From: Kai Huang <kai.huang@intel.com>
To: Dave Hansen <dave.hansen@intel.com>,
	linux-kernel@vger.kernel.org, kvm@vger.kernel.org
Cc: seanjc@google.com, pbonzini@redhat.com, len.brown@intel.com,
	tony.luck@intel.com, rafael.j.wysocki@intel.com,
	reinette.chatre@intel.com, dan.j.williams@intel.com,
	peterz@infradead.org, ak@linux.intel.com,
	kirill.shutemov@linux.intel.com,
	sathyanarayanan.kuppuswamy@linux.intel.com,
	isaku.yamahata@intel.com
Subject: Re: [PATCH v3 01/21] x86/virt/tdx: Detect SEAM
Date: Wed, 27 Apr 2022 11:12:03 +1200	[thread overview]
Message-ID: <ce325155bada13c829b6213a3ec65294902c72c8.camel@intel.com> (raw)
In-Reply-To: <334c4b90-52c4-cffc-f3e2-4bd6a987eb69@intel.com>

Hi Dave,

Thanks for review!

On Tue, 2022-04-26 at 13:21 -0700, Dave Hansen wrote:
> > +config INTEL_TDX_HOST
> > +	bool "Intel Trust Domain Extensions (TDX) host support"
> > +	default n
> > +	depends on CPU_SUP_INTEL
> > +	depends on X86_64
> > +	help
> > +	  Intel Trust Domain Extensions (TDX) protects guest VMs from
> > malicious
> > +	  host and certain physical attacks.  This option enables necessary
> > TDX
> > +	  support in host kernel to run protected VMs.
> > +
> > +	  If unsure, say N.
> 
> Nothing about KVM?

I'll add KVM into the context. How about below?

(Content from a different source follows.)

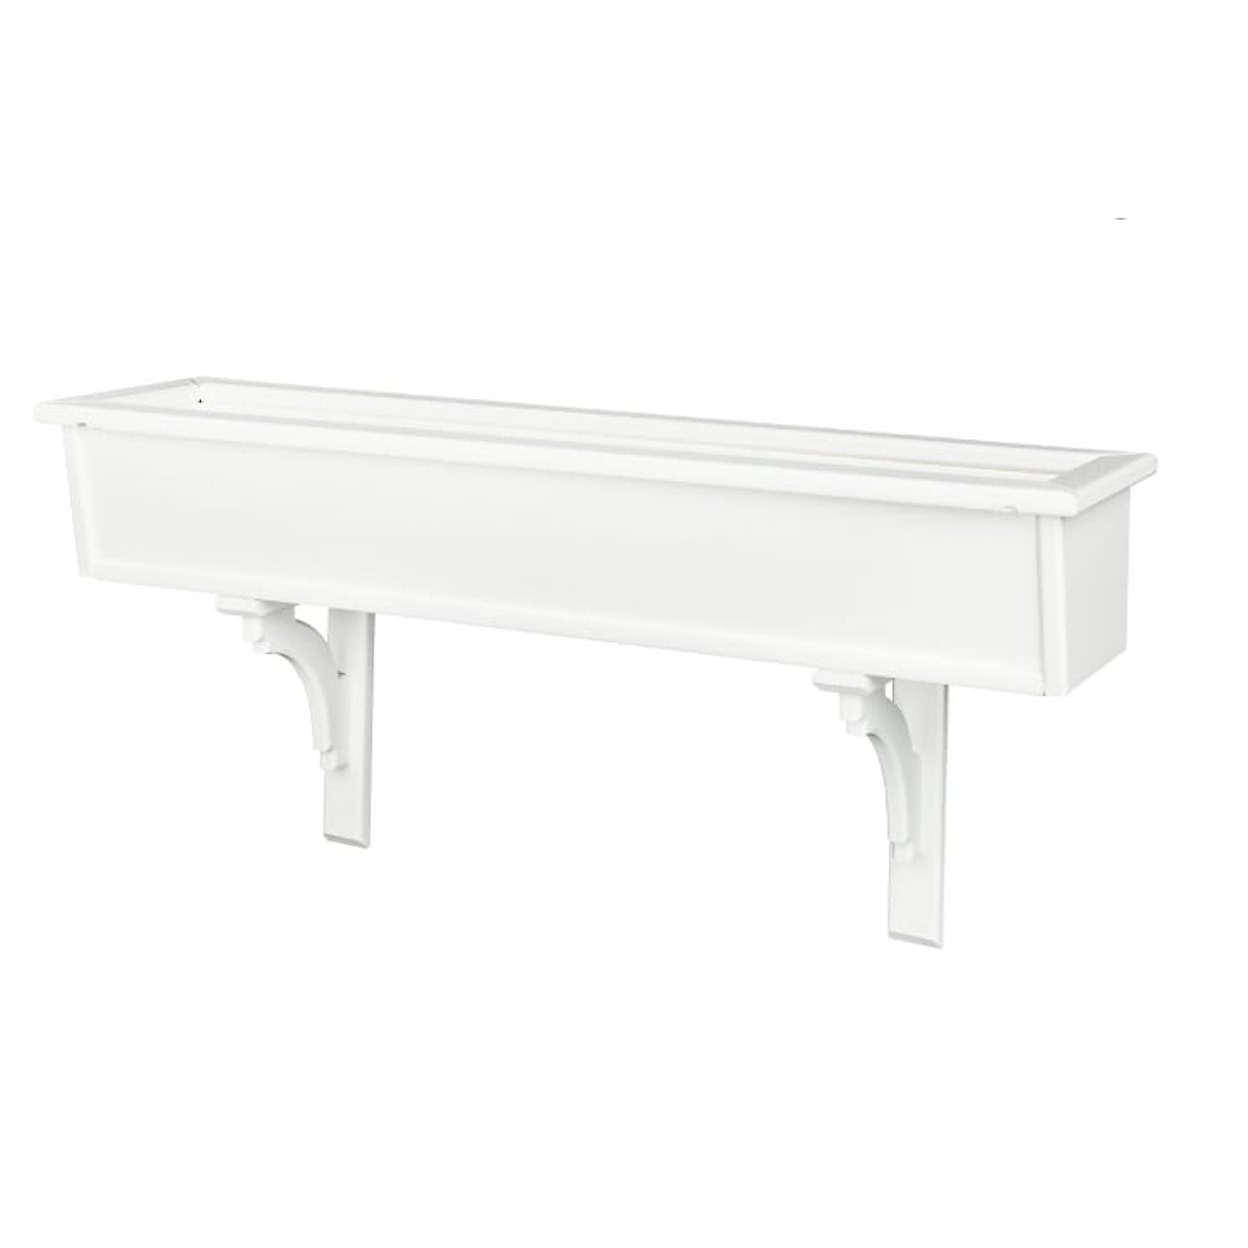 PatioKraft Planters and Benches 36" Window Box

"Intel Trust Domain Extensions (TDX) protects guest VMs from malicious
host and certain physical attacks.  This option enables necessary TDX
support in host kernel to allow KVM to run protected VMs called Trust
Domains (TD)."

> 
> ...
> > diff --git a/arch/x86/virt/vmx/tdx/tdx.c b/arch/x86/virt/vmx/tdx/tdx.c
> > new file mode 100644
> > index 000000000000..03f35c75f439
> > --- /dev/null
> > +++ b/arch/x86/virt/vmx/tdx/tdx.c
> > @@ -0,0 +1,102 @@
> > +// SPDX-License-Identifier: GPL-2.0
> > +/*
> > + * Copyright(c) 2022 Intel Corporation.
> > + *
> > + * Intel Trusted Domain Extensions (TDX) support
> > + */
> > +
> > +#define pr_fmt(fmt)	"tdx: " fmt
> > +
> > +#include <linux/types.h>
> > +#include <linux/cpumask.h>
> > +#include <asm/msr-index.h>
> > +#include <asm/msr.h>
> > +#include <asm/cpufeature.h>
> > +#include <asm/cpufeatures.h>
> > +#include <asm/tdx.h>
> > +
> > +/* Support Intel Secure Arbitration Mode Range Registers (SEAMRR) */
> > +#define MTRR_CAP_SEAMRR			BIT(15)
> > +
> > +/* Core-scope Intel SEAMRR base and mask registers. */
> > +#define MSR_IA32_SEAMRR_PHYS_BASE	0x00001400
> > +#define MSR_IA32_SEAMRR_PHYS_MASK	0x00001401
> > +
> > +#define SEAMRR_PHYS_BASE_CONFIGURED	BIT_ULL(3)
> > +#define SEAMRR_PHYS_MASK_ENABLED	BIT_ULL(11)
> > +#define SEAMRR_PHYS_MASK_LOCKED		BIT_ULL(10)
> > +
> > +#define SEAMRR_ENABLED_BITS	\
> > +	(SEAMRR_PHYS_MASK_ENABLED | SEAMRR_PHYS_MASK_LOCKED)
> > +
> > +/* BIOS must configure SEAMRR registers for all cores consistently */
> > +static u64 seamrr_base, seamrr_mask;
> > +
> > +static bool __seamrr_enabled(void)
> > +{
> > +	return (seamrr_mask & SEAMRR_ENABLED_BITS) == SEAMRR_ENABLED_BITS;
> > +}
> 
> But there's no case where seamrr_mask is non-zero and where
> _seamrr_enabled().  Why bother checking the SEAMRR_ENABLED_BITS?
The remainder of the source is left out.